Friday, April 11, 2008

Patent reform 2008: it's the economy, stupid

Of the state of things with S.1145 on patent reform, IPBiz commenter Jason Taylor wrote:

I personally think S.1145 was brought down by the unions’ recognition that it would effect job creation and the subsequent fear by S.1145’s backing politicians that they might actually lose too many votes and be held especially accountable for their actions by the voters during an election occurring in a recession (see, e.g., http://www.docs.piausa.org/PIAUSA/08-04-07-PIAUSA-NYT-ad-patent-save-the-patent-v3-right-page.pdf from Monday’s New York Times).

IPBiz notes that the squeeze from the left with the gambit of the unions ["patent reform means lost US jobs"] and from the right with the general dissatisfaction among Republicans is creating real problems for Leahy and Reid. As the economy goes south (subprime mortgages, escalating food, energy prices...), the labor union play looks threatening. Every day Leahy fails to act drops the probability of S.1145 action.

Why Hillary doesn't follow the union lead and use the patent reform micro-example to go after Obama, who is aligned with the pro-reform IT outsourcers is a mystery. A hanging curveball is coming right down the pike, and Hillary is looking at someone in the stands eating a hot dog.
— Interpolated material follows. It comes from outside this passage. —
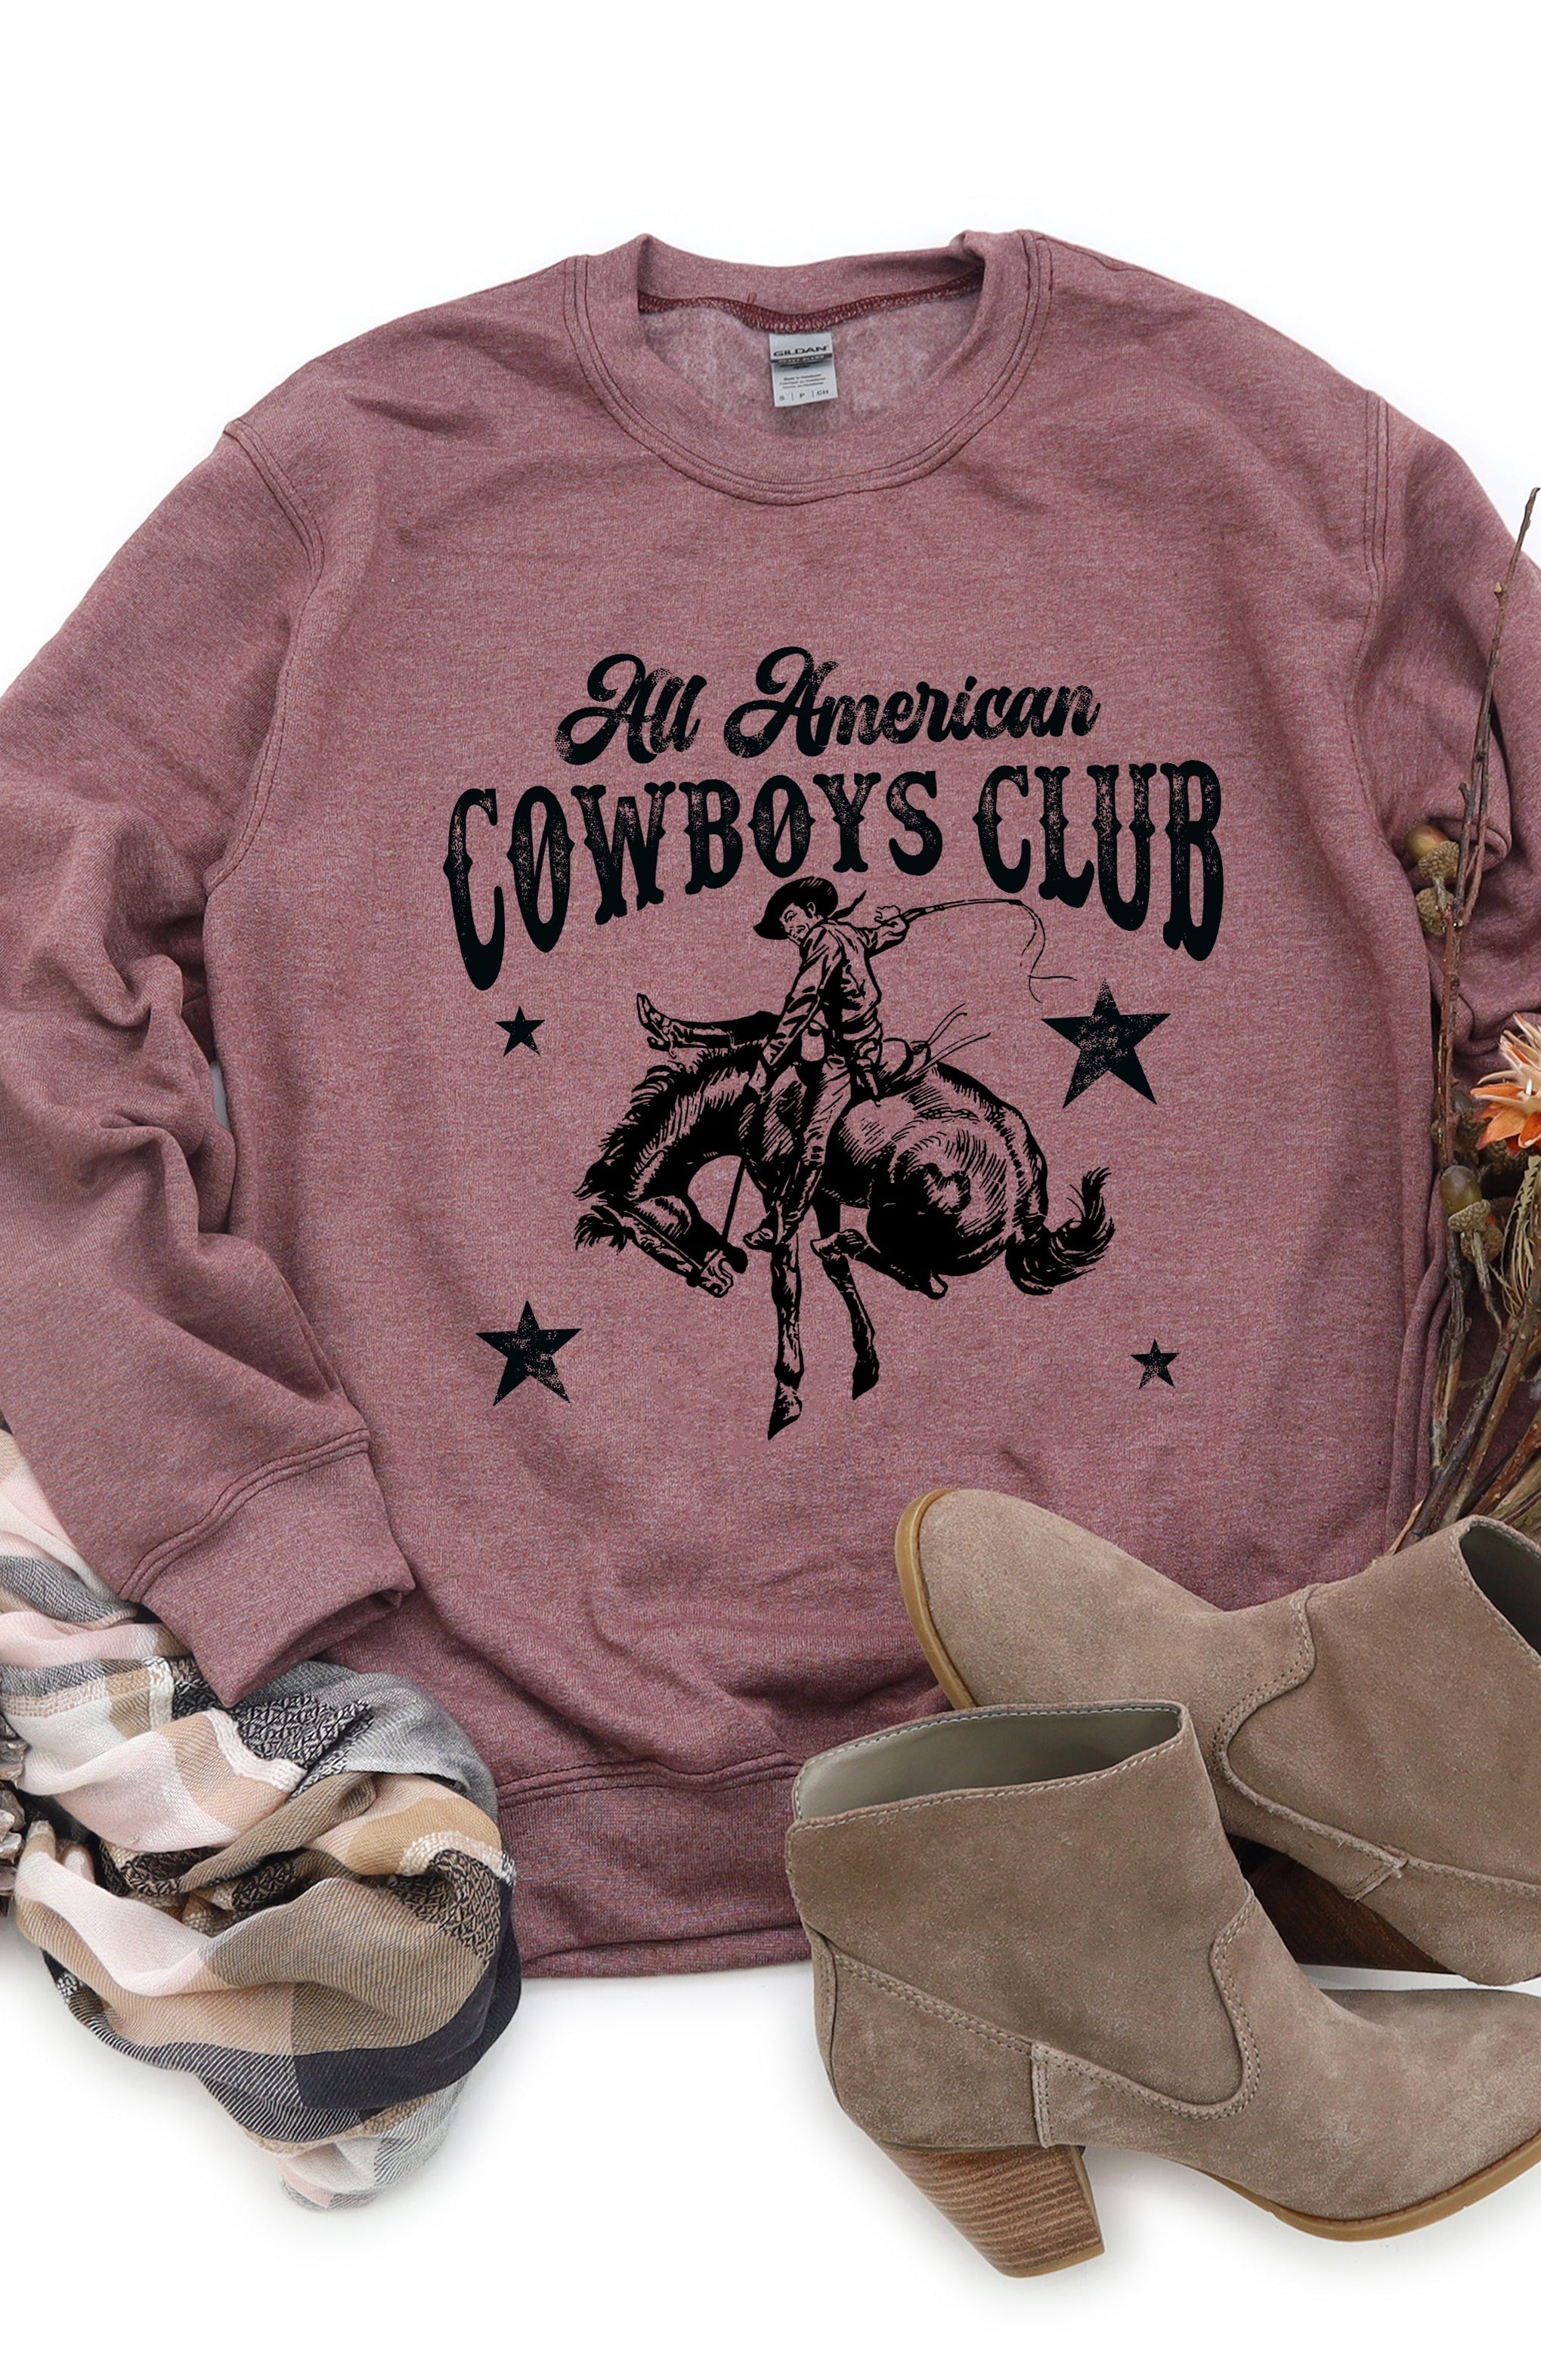 All American Cowboys Club | Sweatshirt Olive and Ivory Retail

For some other points about the strange patent reform discussion of 2007-2008:


Kennedy on patent reform: "it comes down to who has more lobbyists."


The negative universe of patent reform

http://ipbiz.blogspot.com/2007/09/new-jersey-not-wisconsin-got-it-right.html

http://ipbiz.blogspot.com/2007/09/house-passes-hr-1908-225-175-on-sept-7.html

from Reuters, April 11 -->

"It's really bad," said Carl Lantz, interest rate strategist at Credit Suisse in New York. "We are definitely in recession territory. It confirms what we already know now, that we are in a consumer-led recession, and it's going to be a pretty protracted one."

In more bad news for the economy, the Labor Department said U.S. import prices rose a more-than-expected 2.8 percent in March as petroleum prices jumped 9.1 percent.

U.S. export prices rose 1.5 percent during the month, also more than expected and the largest monthly gain on record, as prices for farm and food products continued to rise.